The dude was killed around 6:30PM

Explanation:

Newton's law of cooling states:

$T = T_m + (T_0-T_m)e^{kt}$

where,

$T_0$ = initial temp

$T_m$ = temp of room

$T$ = temp after t hours

$k$ = how fast the temp is changing

$t$ = time (hours)

$T_0 = 31$ because the body was initlally 31ºC when the police found it

$T_m = 22$ because that was the room temp

$T = 30$ because the body temp drop to 30ºC after 1 hour

t = 1 because that's the time it took for the body temp to drop to 30ºC

$k=???$ we don't know k so we must solve for this

rearrange the equation to solve for k

$T = T_m + (T_0-T_m)e^{kt}$

$T - T_m= (T_0-T_m)e^{kt}$

$\frac{T - T_m}{(T_0-T_m)}= e^{kt}$

$ln(\frac{T - T_m}{T_0-T_m})=kt$

$\frac{ln(\frac{T - T_m}{T_0-T_m})}{t}=k$

plug in the numbers to solve for k

$k = \frac{ln(\frac{T - T_m}{T_0-T_m})}{t}$

$k = \frac{ln(\frac{30 - 22}{31-22})}{1}$

$k=ln(\frac{8}{9})$

Now that we know the value for k, we can find the moment the murder occur. A crucial information that the question left out is the temperature of a human body when they're still alive. A living human body is about 37ºC. We can use that as out initial temperature to solve this problem because we can assume that the freshly killed body will be around 37ºC.

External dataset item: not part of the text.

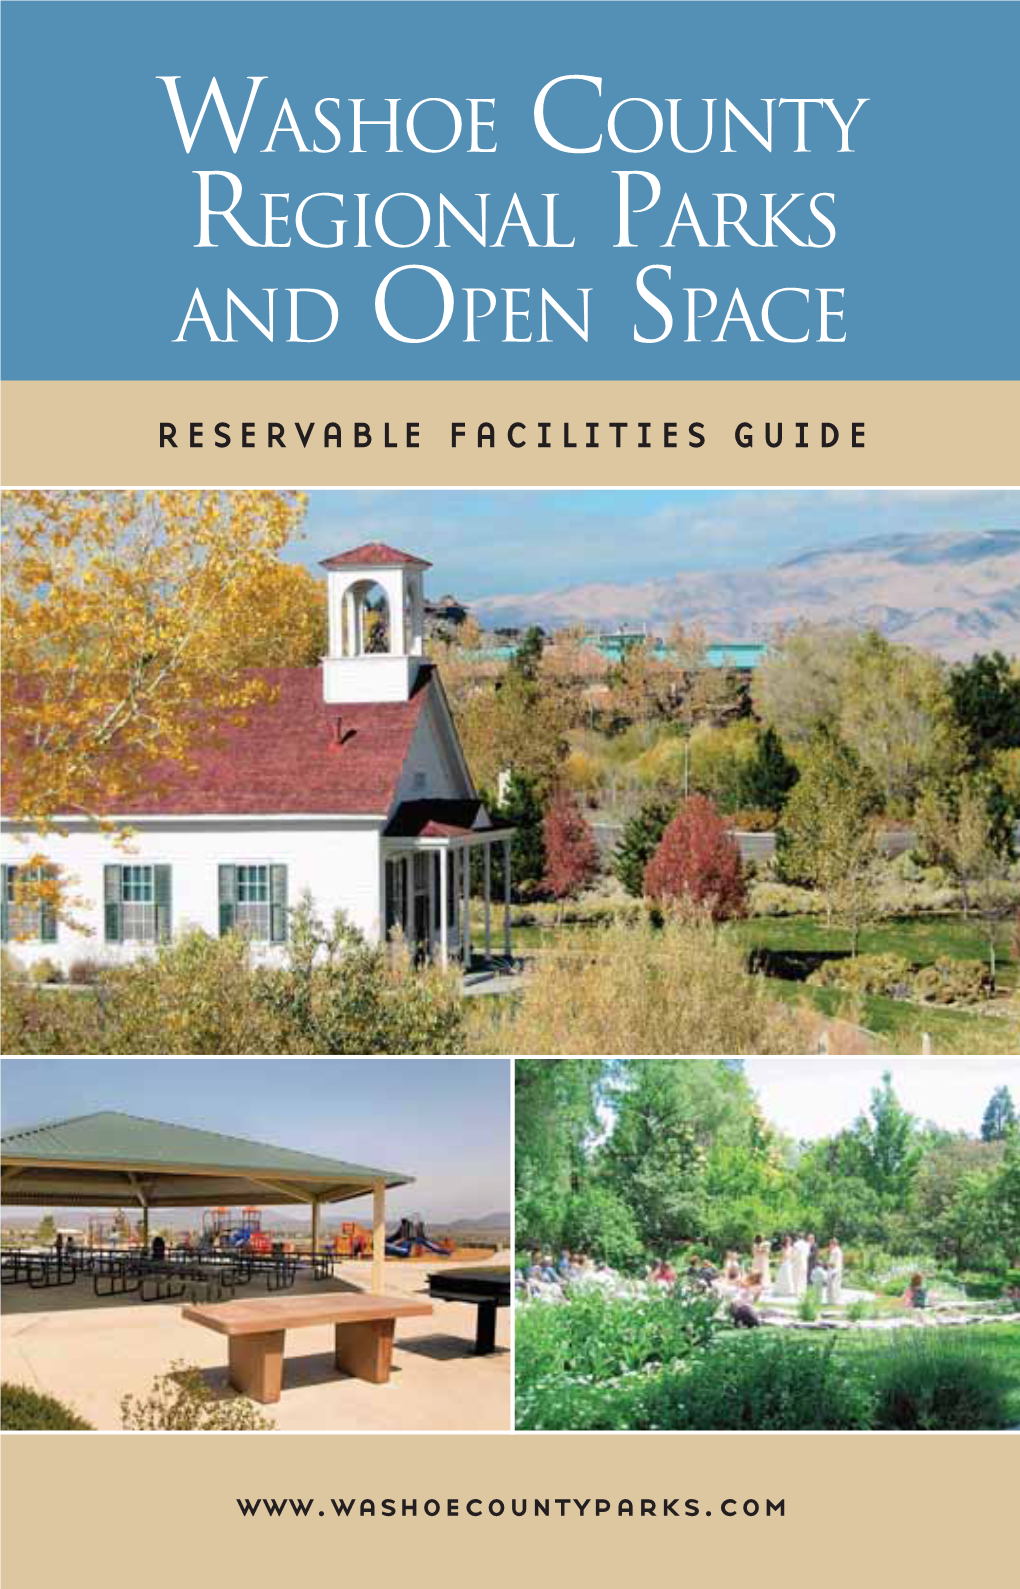 Washoe County Regional Parks and Open Space

$T_0 = 37$ because the body was 37ºC right after being killed

$T_m = 22$ because that was the room temp

$T = 31$ because the body temp when the police found it

$k=ln(\frac{8}{9})$ we solved this earlier

t = ??? we don't know how long it took from the time of the murder to when the police found the body

Rearrange the equation to solve for t

$T = T_m + (T_0-T_m)e^{kt}$

$T - T_m= (T_0-T_m)e^{kt}$

$\frac{T - T_m}{(T_0-T_m)}= e^{kt}$

$ln(\frac{T - T_m}{T_0-T_m})=kt$

$\frac{ln(\frac{T - T_m}{T_0-T_m})}{k}=t$

plug in the values

$t=\frac{ln(\frac{T - T_m}{T_0-T_m})}{k}$

$t=\frac{ln(\frac{31 - 22}{37-22})}{ln(8/9)}$

$t=\frac{ln(3/5)}{ln(8/9)}$

$t=\frac{ln(3/5)}{ln(8/9)}$

t ≈ 4.337 hours from the time the body was killed to when the police found it.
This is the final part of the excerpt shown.